Posts Tagged ‘moving’
For awhile — a few weeks or so — I had such a loose grasp of time that whenever someone mentioned a date in passing, I was lost enough to believe that the date in question was, in fact, that day.
Someone mentioned on Twitter the other week that she loved Friday the 13th. A few days later, someone else on Twitter talked about 9/11. In both instances, I briefly wondered if today was that day.
I’ve been staying in an apartment with possibly the best view of the tallest building in Latin America — and now I’m on way back to the States. It’s been hard to pinpoint, the reverse culture shock I’ve experienced since moving to New York.
It’s weird to say that I’ve even moved to the States after four years away. Because though it’s been nice being back and seeing old friends, meeting new people and going to new places, I’ve also experienced a number of what I call culture aftershocks.
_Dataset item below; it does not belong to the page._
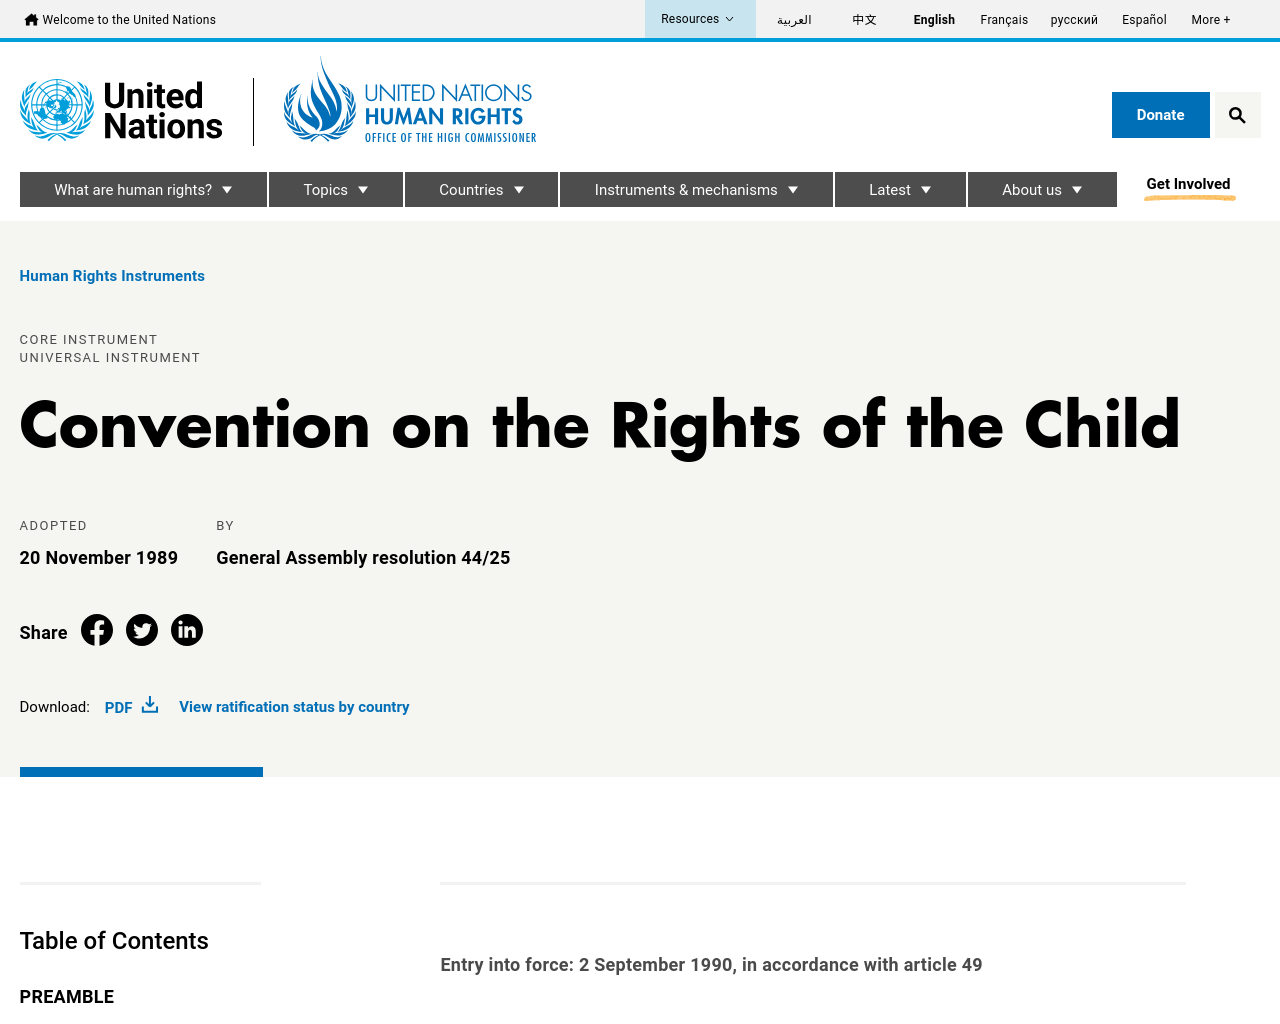 Convention on the Rights of the Child - Full Text

Like how orderly and predictable transportation is: the subway, the buses, even the car traffic to a great extent. And how sanitized and over-purified other things are: the water, the food, the environment. And how reserved and detached people are: almost tripping over themselves as they run through their disciplined daily routines. It takes an enormous amount of effort not to pull acquaintances in and kiss them on the cheek when I see them, instead of the awkward hovering we do when we run into each other. I already miss the feeling of pushing through a tangled crowd, eating a taco spilling chorizo that I bought from a street stand while fielding enthusiastic calls of “Morena!!” and dodging careening cars, buses and pedestrians as I revel in the messiness of my complicated home.
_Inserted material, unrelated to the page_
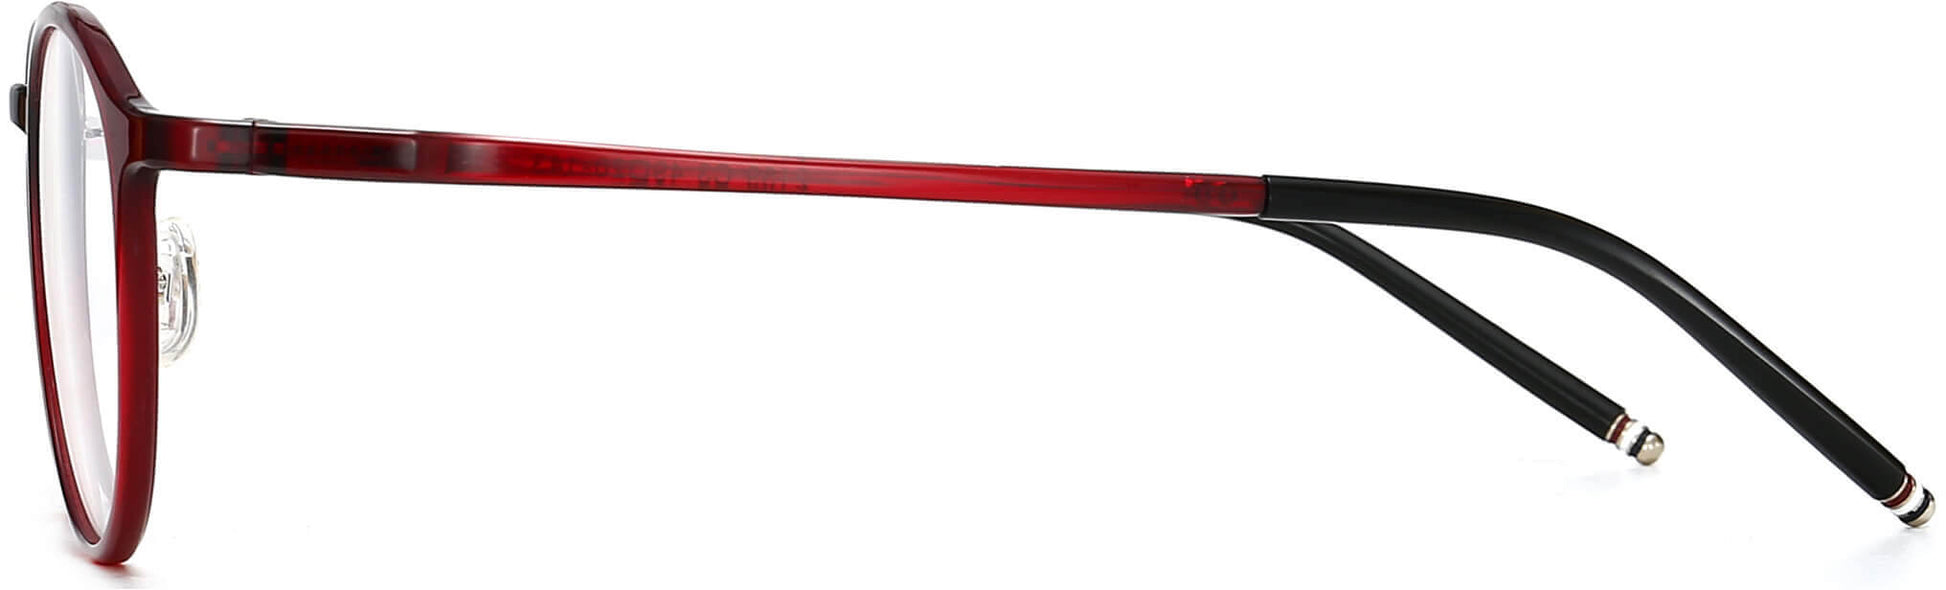 maron round red Eyeglasses from ANRRI, side view

All I have are notes now. Notes within notes, notes pointing me to another notes, notes reminding me to note something down.
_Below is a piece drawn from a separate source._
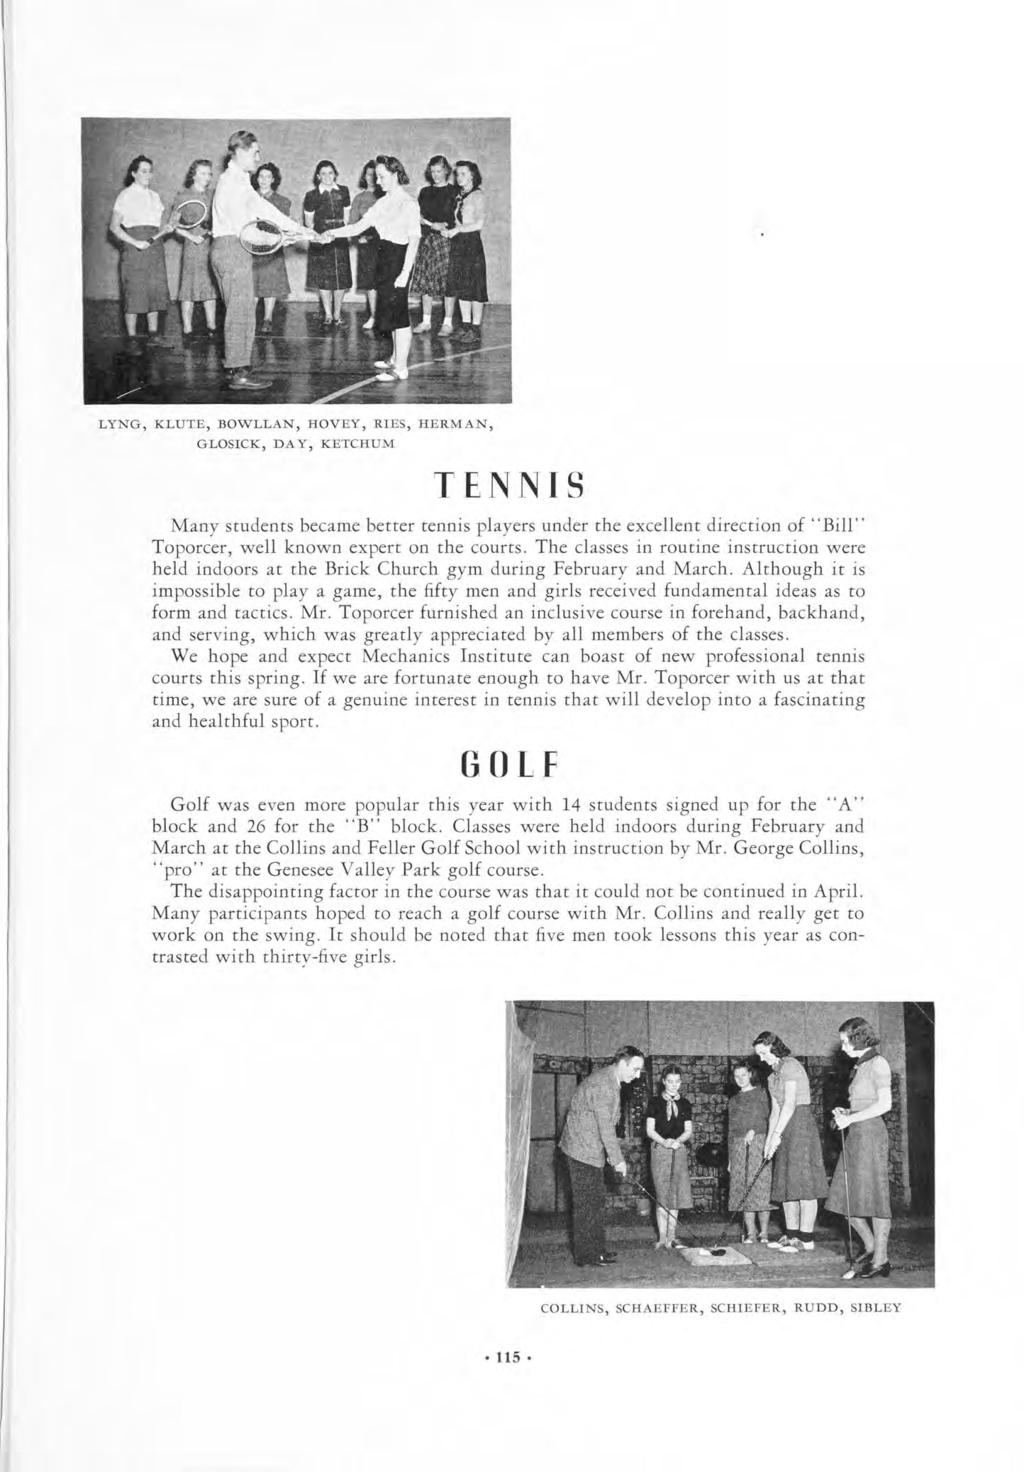 LYNG, KLUTE, BOWLLAN, HOVEY, RIES, HERMAN, GLOSICK, DA Y, KETCHUM TENNIS Many students became better tennis players under the excellent direction of "Bill" Toporcer, well known on expert the courts.

I currently don’t have an American cell phone (I plan to get one when I finally settle at an address here at the end of the month) and so have had to rely on these pages stained with my barely intelligible writing. Addresses to places I no longer remember, phones numbers — some labeled, others dangling mysteriously — and directions, so many sets of directions. I probably wouldn’t have done this in hindsight: in the age of e-mail-enabled cell phones, everyone is always running late, counting on the fact that they can text you at the last minute to say they are 15 minutes away.
So I sit, I read, people-watch, find ways to occupy my time as I wait for a friend. I stop in coffee shops and ask waiters if I can use a phone, and they kindly let me. I walk around mostly not knowing how much time has lapsed unless I can catch a glimpse of the hour on someone’s iPhone. But I think I’ll miss this sense of feeling unmoored, unreachable and almost free. I’m only responsible for my notes, these loose-leaf stacks of yellow Post-it’s and white lined notebook sheets that crowd my purse more and more each day.
So it was bound to happen. Mere months after I extolled the beauty and comfort of my neighborhood La Condesa, I moved. To La Roma, a place I considered its edgier and grittier neighbor. But, lo and behold, it has its charm, too.
Once considered the refuge of struggling artists and writers, the bohemian vibe is still evident in the numerous tiny cafes and bars that range from holes in the wall to pretty hip joints. It’s generally a cheaper area, with a wider diversity of classes and ethnic groups. I moved here because I fell in love with my new apartment, with its pink, graffiti-ed walls in the living room, and lovely wallpaper and hardwood floors in the bedrooms. The building is old, and I can get comida corrida downstairs for 35 pesos.
Now this is a ‘hood where the water hasn’t always been steady and the light has been known to be knocked by out by a storm or two, but as my friends and now fellow Romans tell me, it’s a necessary sacrifice.
I’m glad to be here, though, and want to explore Roma daily. But now I really need a new bike.